2. History of PET/CT Development

David Townsend, Ronald Nutt, and colleagues at the University of Geneva first proposed PET/CT as a dual-modality imaging technique in 1991. Inspired by low-cost, rotating PET scanners of the era, the PET/CT design utilized two rotating blocks of bismuth germanate (BGO) detectors [2]. The gaps between the BGO banks left room to mount the components of a CT scanner, to provide anatomical information in a format already familiar to physicians. With refinement, to accommodate the density of X-ray components for a spiral CT configuration, the first operational PET/CT scanner was constructed by CTI PET Systems and installed at the University of Pittsburgh in 1998.
The utility of PET/CT for oncology was demonstrated immediately. Over 300 cancer patients were scanned on the prototype machine, including many head and neck cancer patients, and numerous publications highlighted the advantage of PET/CT in this cohort [3,4,5]. GE Healthcare, with Siemens Medical Solutions and Philips Medical Systems quickly following suit, announcing the first commercial PET/CT scanner in 2001. These commercial scanners utilized the highest-resolution CT technology available at the time (four-slice) and have continued to advance in terms of spatial resolution, acquisition time, temporal resolution, and correction for respiratory movement. Since 2002, PET/CT has been one of the fastest-growing medical imaging modalities and has been transformative in oncologic care.
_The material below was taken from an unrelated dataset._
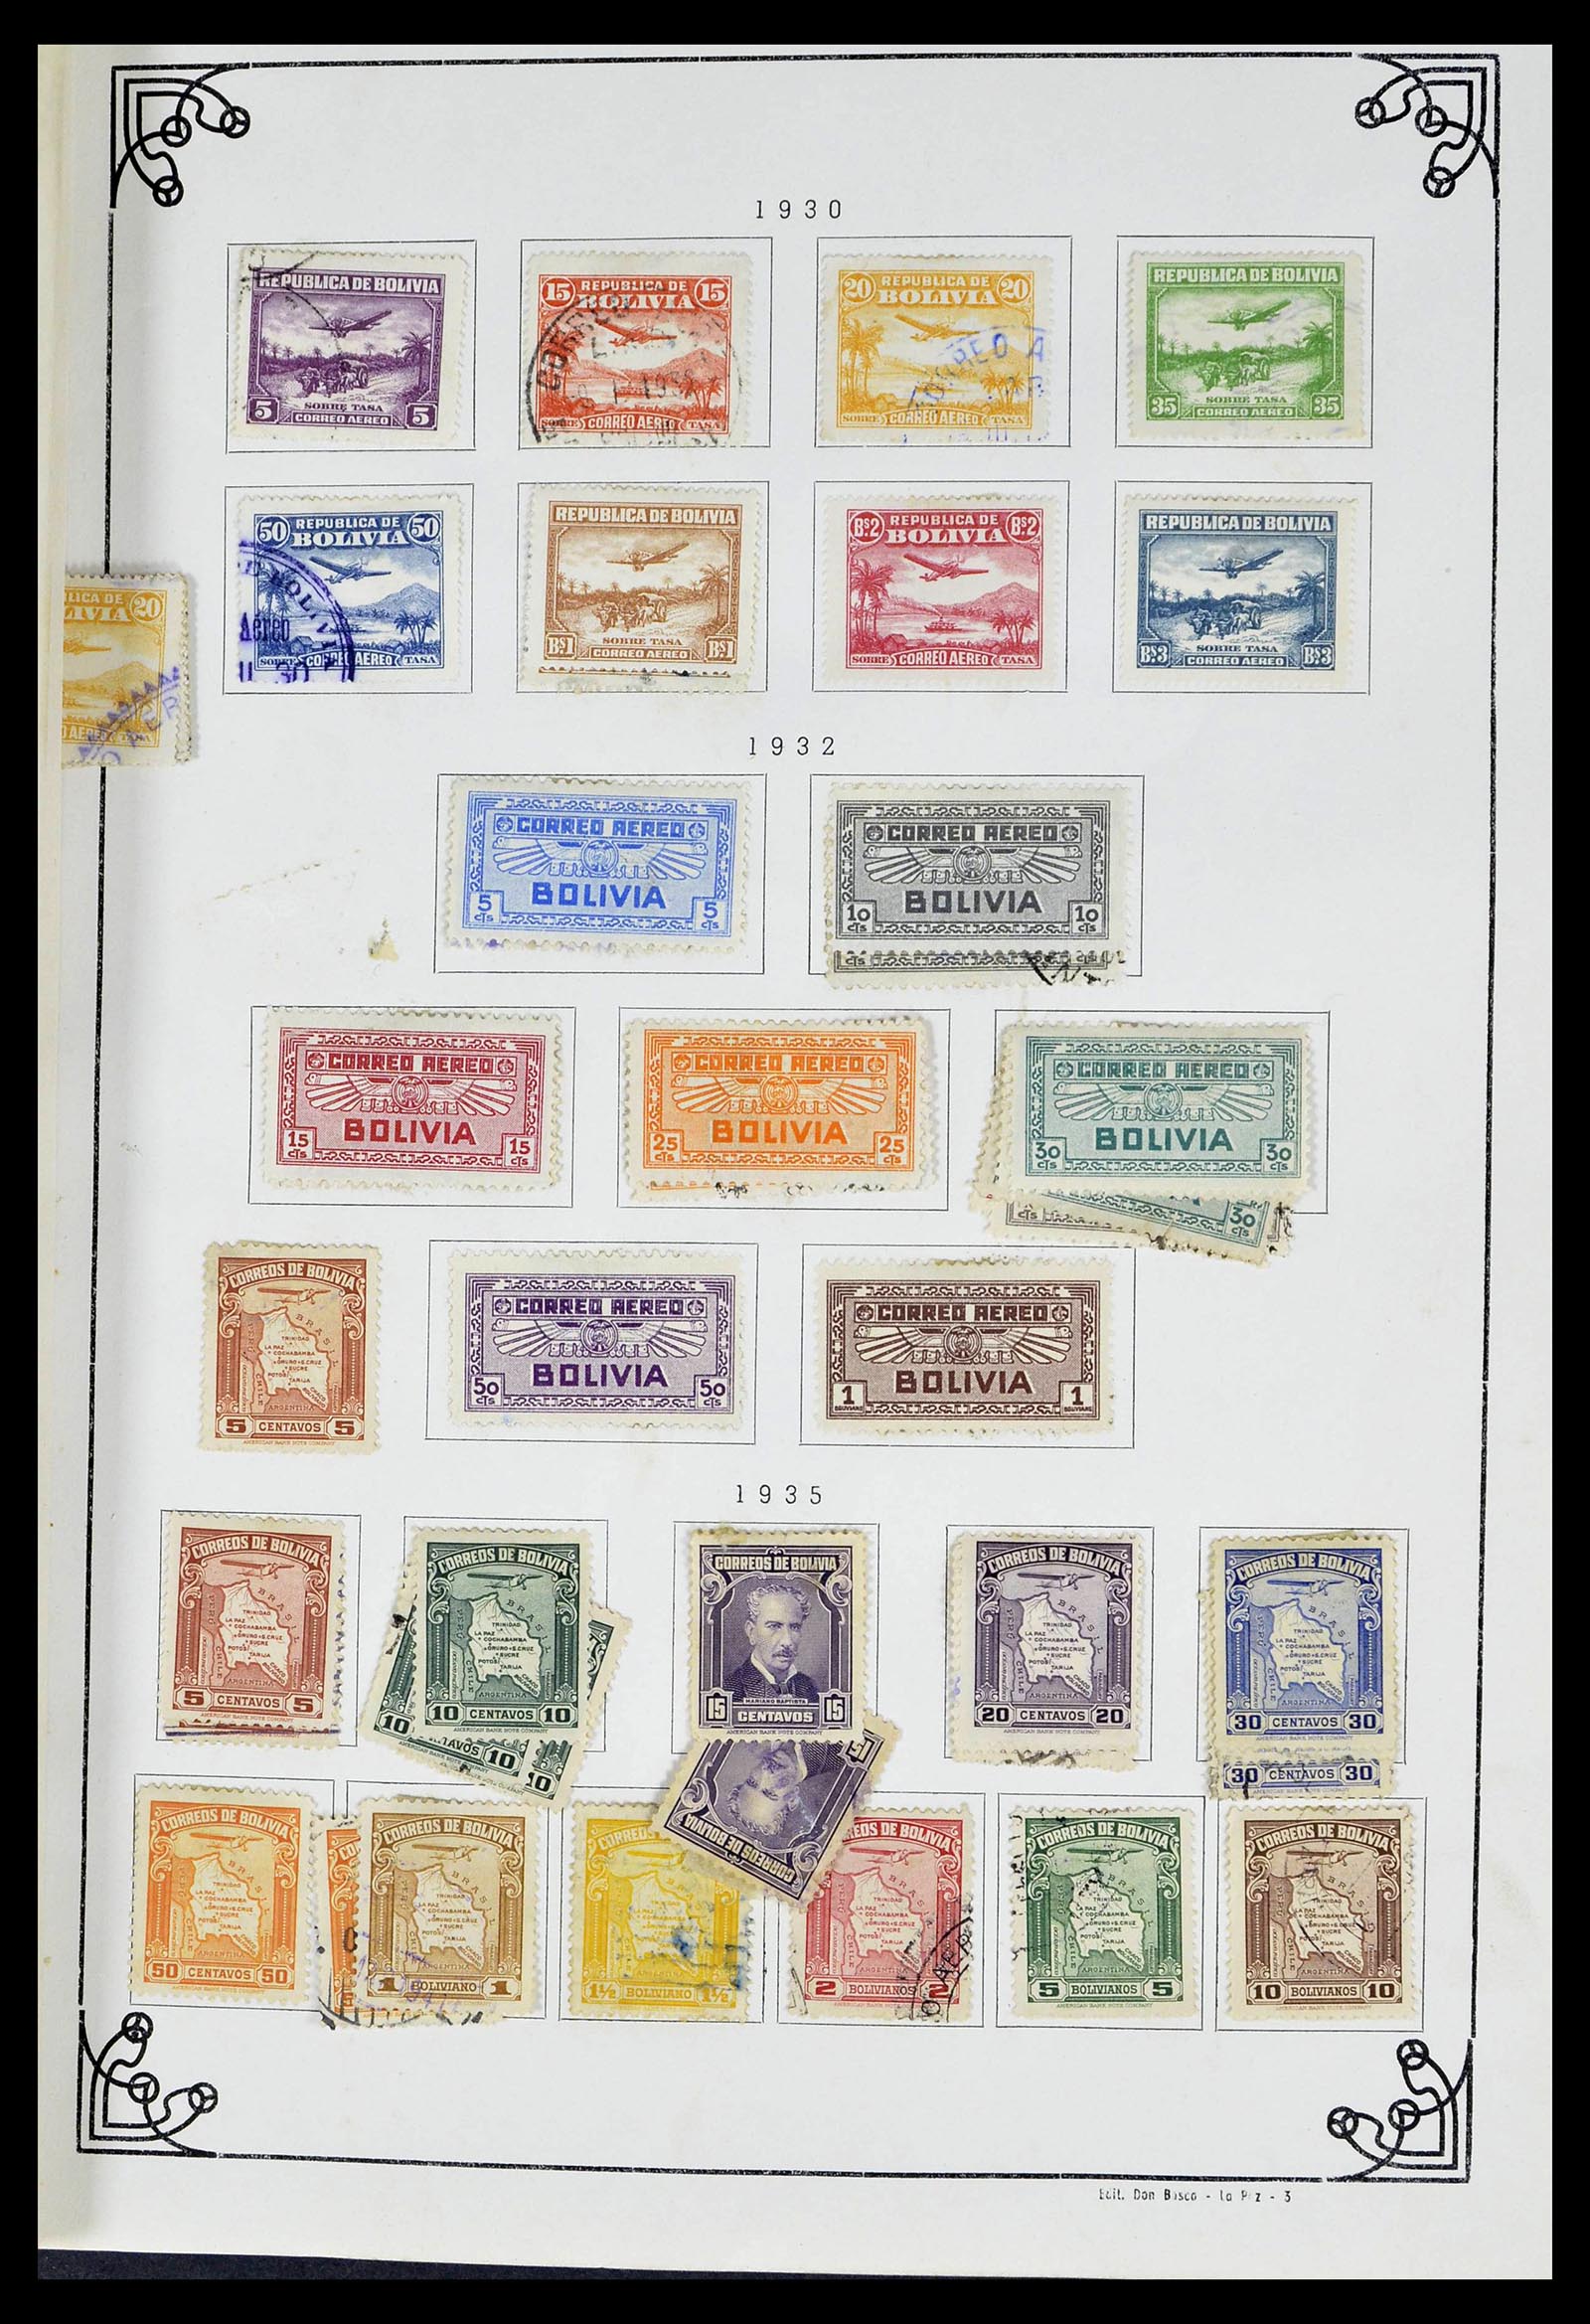 39224 0043 - Stamp collection 39224 Bolivia 1849-1955.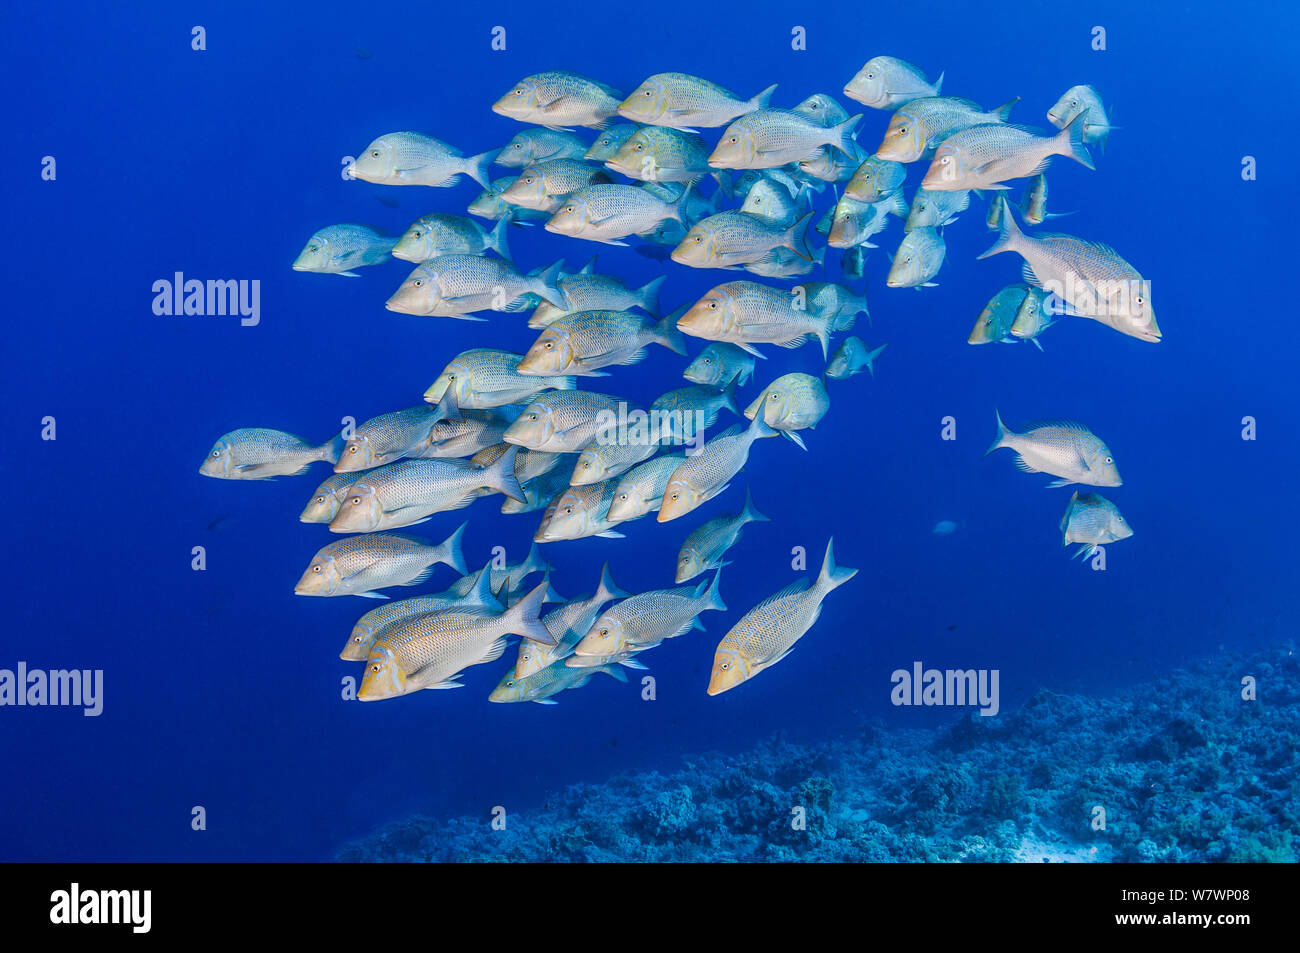 School of Bluescale emperors (Lethrinus nebulosus) gathered for spawning. This species is usually solitary predator on the coral reef. Yolanda Reef, Ras Mohammed Marine Park, Sinai, Egypt. Red Sea. Stock Photo

3. Oropharyngeal Cancer Epidemiology and Staging

Approximately 90% of head and neck cancers in the United States are squamous cell carcinomas (HNSCC), with the remaining 10% consisting mostly of lymphomas, sarcomas, melanomas, and salivary gland neoplasms [6]. HNSCC has been declining in prevalence for the past 40 years, largely due to decreasing rates of smoking [7]. Simultaneously, however, the incidence of oropharyngeal squamous cell carcinoma (OPSCC) has increased. In Western countries, the increase in OPSCC has been due to an increase in HPV-associated malignancy; to which over 70% of OPSCC are now attributable [7]. The disease seems to most affect white men although incidence in white women appears to be increasing as well, albeit at a lower rate. The incidence of human papillomavirus-associated oropharyngeal cancer (HPV + OPSCC) is expected to continue to rise over the coming decades until the benefits of gender-neutral prophylactic HPV vaccination become manifest. A recent study demonstrated lower incidence in young white men (HPV vaccination era) compared with the pre-vaccination era, suggesting the potential benefit effects of HPV vaccination [6]. Mortality for HPV-positive OPSCC is lower than that of HPV-negative disease, with 5-year survival of 80–90% even with lymph node involvement and 60% with N3 or M1 disease [8,9,10]. HPV-positive patients had a lower risk of cumulative incidence of all-cause mortality (10.4% vs. 33.3%) and head and neck cancer-specific mortality (4.8% vs. 16.2%) [11]. HPV-negative OPSCC continues to have a relatively poor prognosis, with a 5-year survival of around 67%. Current challenges in HPV-positive OPSCC are in de-intensifying treatment, surveillance, and treatment of recurrent or persistent disease. Given this disease’s severity and treatment complexity, it is critical to optimize early detection and staging, treatment decision-making, and disease monitoring and surveillance. PET/CT has grown to play an important role in this regard.

4. Oropharyngeal Anatomy

OPSCC comprises cancers of the tonsils, base of tongue, soft palate, and uvula. Anatomically, the oropharynx is defined by its boundaries including the circumvallate papilla (anterior), vallecula (inferior), hyoid bone, and soft palate (superior). The oropharynx is further defined by four specific subsites: (1) the base of the tongue, (2) the palatine tonsils, (3) the ventral soft palate, and (4) the posterior and lateral pharyngeal walls (Figure 1: CT anatomy of the oropharynx). While these regions are composed of mucosal, lymphoid, salivary, and fascial tissue, squamous cell carcinoma arising from mucosal surfaces is the dominant tumor pathology [12].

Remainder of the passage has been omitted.